RStudio

RStudio will be our launching pad for data science projects. It not only provides an editor for us to create and edit our scripts but many other useful tools. In this section, we go over some of the basics.

The panes

When you start RStudio for the first time, you will see three panes. The left pane shows the R console. On the right, the top pane includes three tabs: Extensions, History and Connections, while the bottom pane shows five tabs: File, Plots, Packages, Help and Viewer. You can click on each tab to move across the different features.

To start a new script, you can click on File, the New File, then R Script.

This starts a new pane on the left and it is here where you can start writing your script.

Key bindings

Many tasks we perform with the mouse can be achieved with a combination of key strokes instead. These keyboard versions for performing tasks are referred to as key bindings. For example, we just showed how to use the mouse to start a new script, but you can also use a key binding: Ctrl+Shift+N on Windows and command+shift+N on the Mac.

Although in this tutorial we often show how to use the mouse, we highly recommend that you memorize key bindings for the operations you use most. RStudio provides a useful cheat sheet with the most widely used commands. You can get it from RStudio directly:

and it looks like this:

You might want to keep this handy so you can look up key-bindings when you find yourself performing repetitive point-and-clicking.

Installing R packages

Most of what we have learned in this book depends on the tidyverse. The data we have been working on depend on the dslabs package. These packages do not come pre-installed in R. In fact, the default installation of R is quite minimal and for many of your projects you will need to download and install one or more packages.

You can install packages directly from R with the command install.packages. To install the tidyverse package we would type, in the R console:

install.packages("tidyverse")

Note that we can install more than one package at once by feeding a character vector to this function:

install.packages(c("tidyverse", "dslabs"))

You can also install packages using RStudio in the following way:

One advantage of using RStudio is that it auto-completes package names once you start typing, which is helpful when you do not remember the exact spelling of the package:

Once you select your package we recommend selecting all the defaults:

Remember that installing tidyverse actually installs several packages.

Once packages are installed, you can load them into R and you do not need to install them again, unless you install a fresh version R. Remember packages are installed in R not RStudio.

It is helpful to keep a list of all the packages you need for your work in a script because if you need to perform a fresh install of R, you can re-install all your packages by simply running a script.

You can see all the packages you have installed using the following function:

installed.packages()

Running commands while editing scripts

There are many editors specifically made for coding. These are useful because color and indentation are automatically added to make code more readable. RStudio is one of these editors, and it was specifically developed for R. One of the main advantages provided by RStudio over other editors is that we can test our code easily as we edit our scripts.
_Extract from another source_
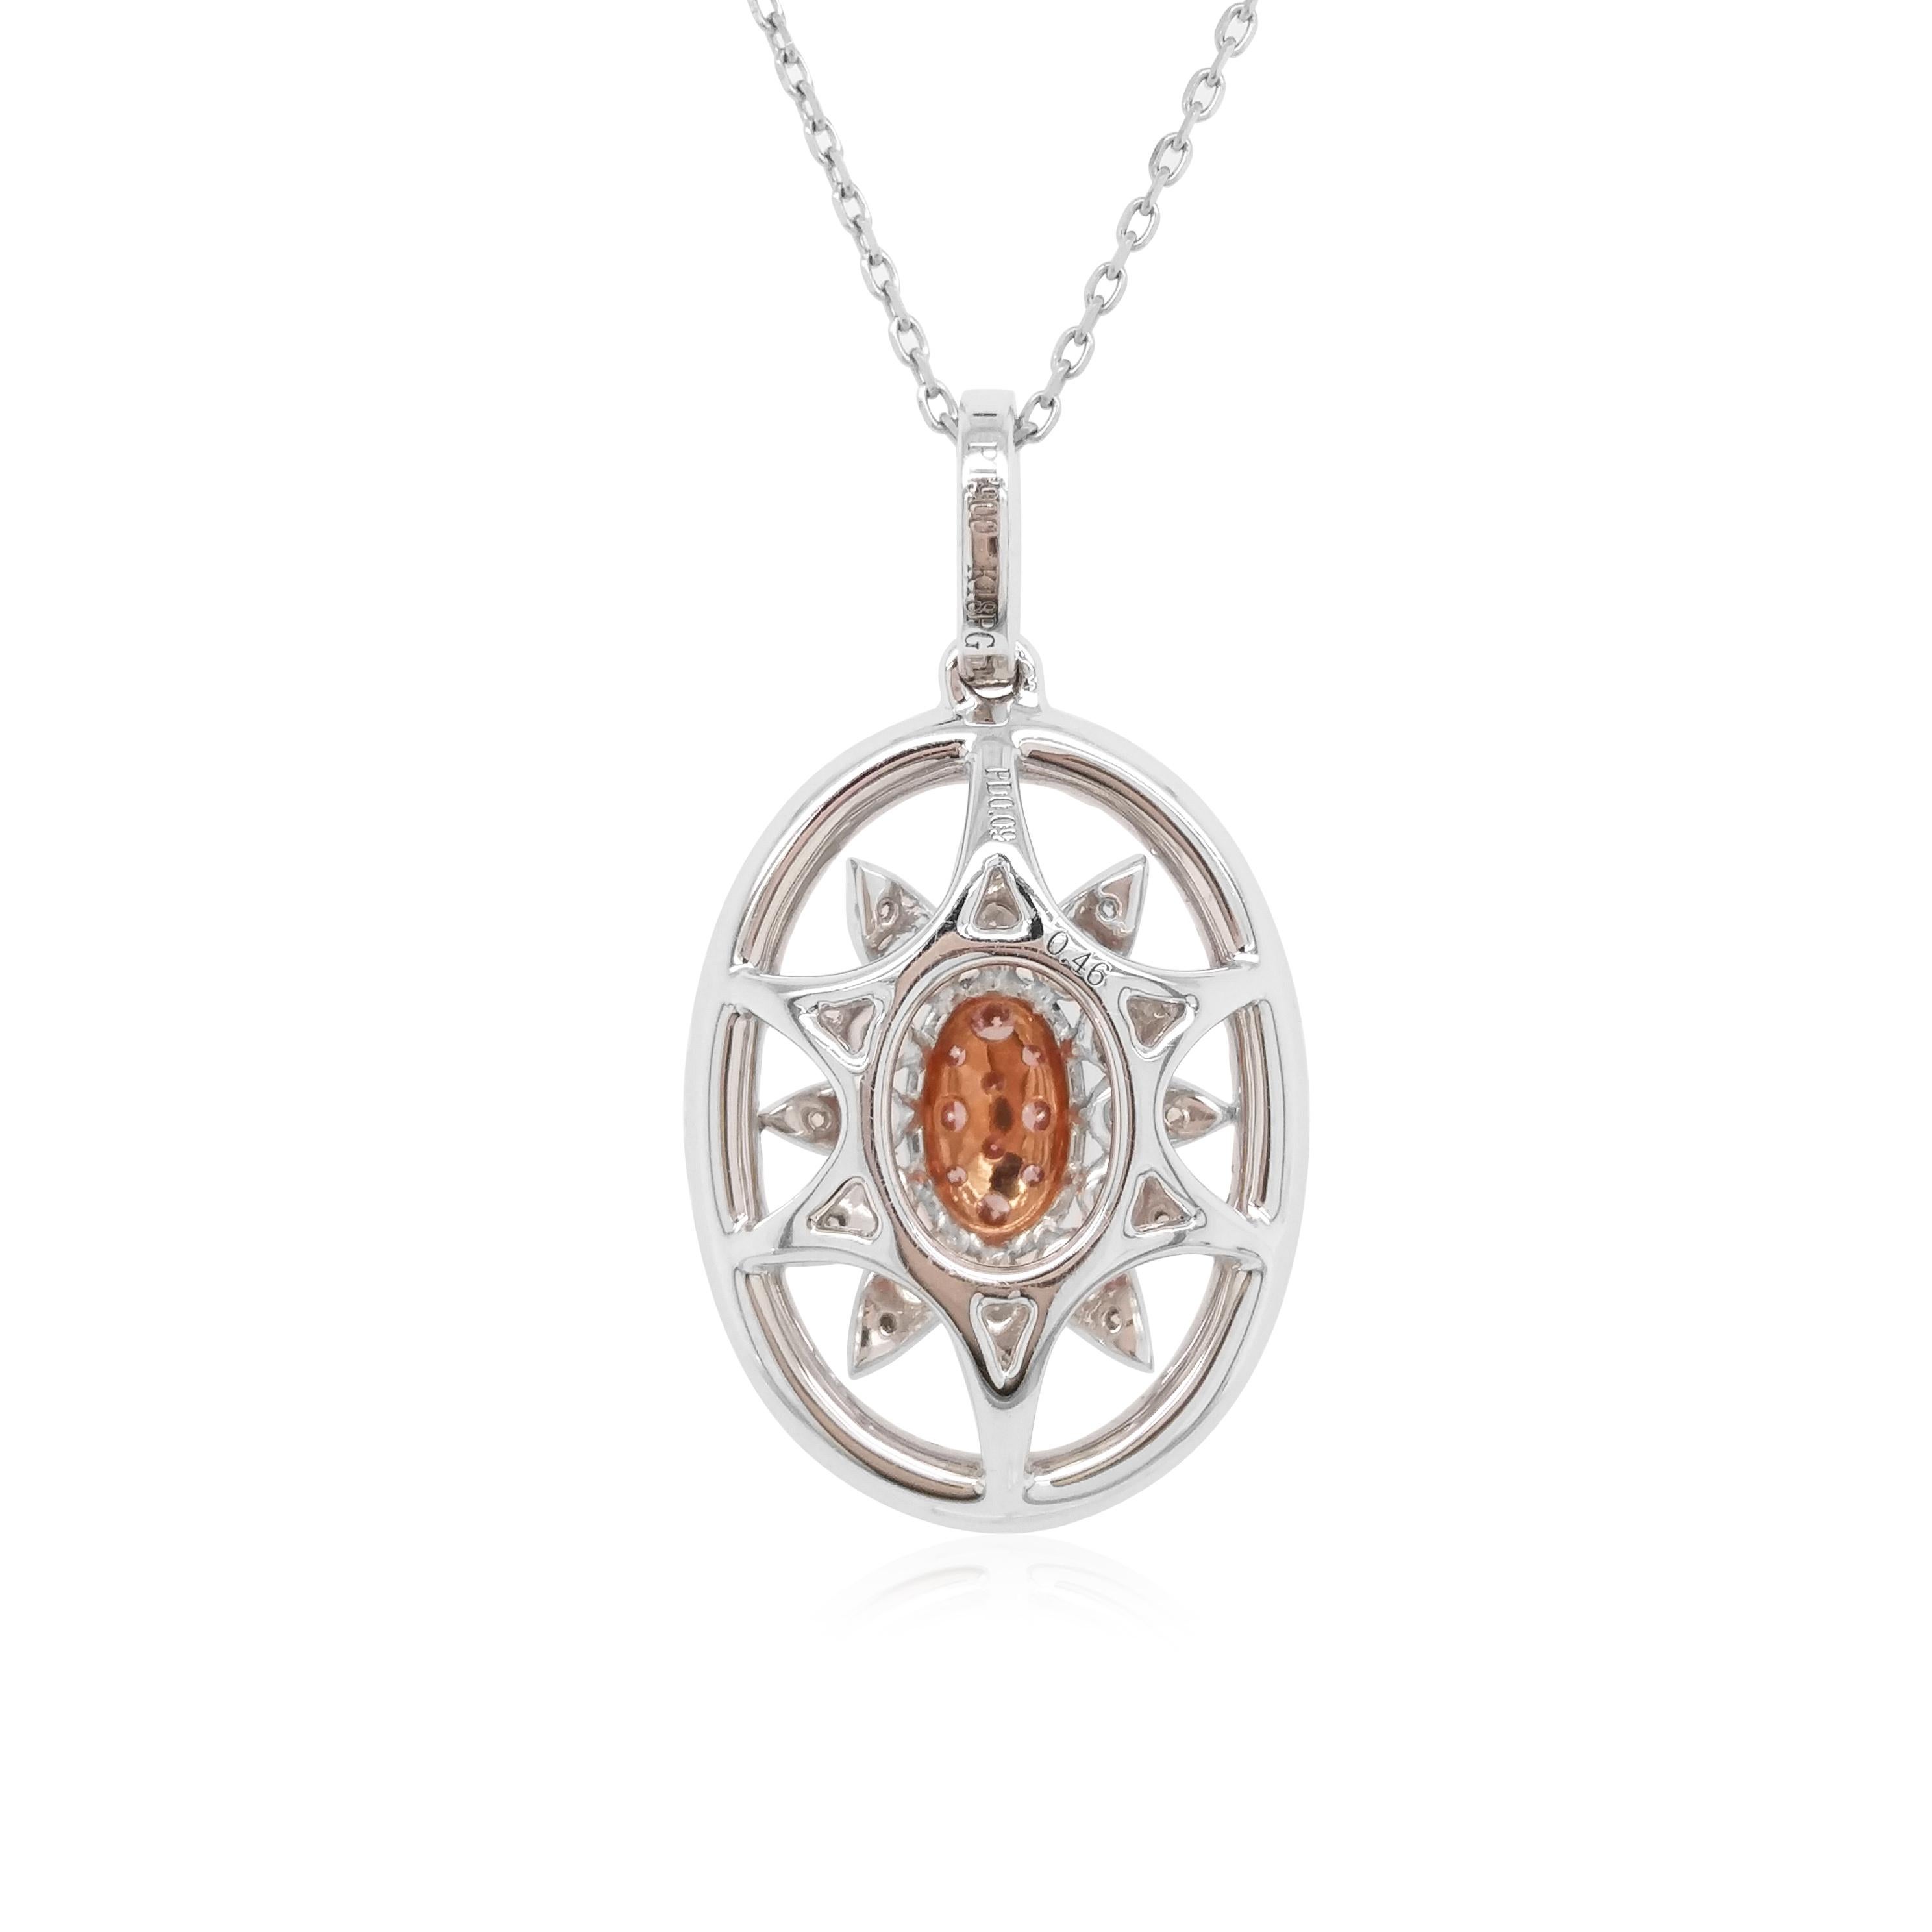 Ce pendentif unique présente en son centre de remarquables diamants roses Argyle naturels, entourés d'un motif audacieux de diamants blancs étincelants. Pièce parfaite pour passer du jour à la nuit, ce pendentif rehaussera n'importe quelle tenue,

Here we show an example.

Let’s start by opening a new script as we did before. A next step is to give the script a name. We can do this through the editor by saving the current new unnamed script. You can do this by clicking on the save icon or using the key binding Ctrl-S on Windows and command-S on the Mac.

When you ask for the document to be saved for the first time, RStudio will prompt you for a name. You want to use a descriptive name, with lower case letters, no spaces, only hyphens to separate words, and then followed by the suffix .R. We will call this script my-first-script.R.

Now we are ready to start editing our first script. The first lines of code in an R script are dedicated to loading the libraries we will use. Another useful RStudio feature is that once we type library() it starts auto-completing with libraries that we have installed. Note what happens when we type library(ti):

Another feature you may have noticed is that when you type library( the second parenthesis is automatically added. This will help you avoid one of the most common errors in coding: forgetting to close a parenthesis.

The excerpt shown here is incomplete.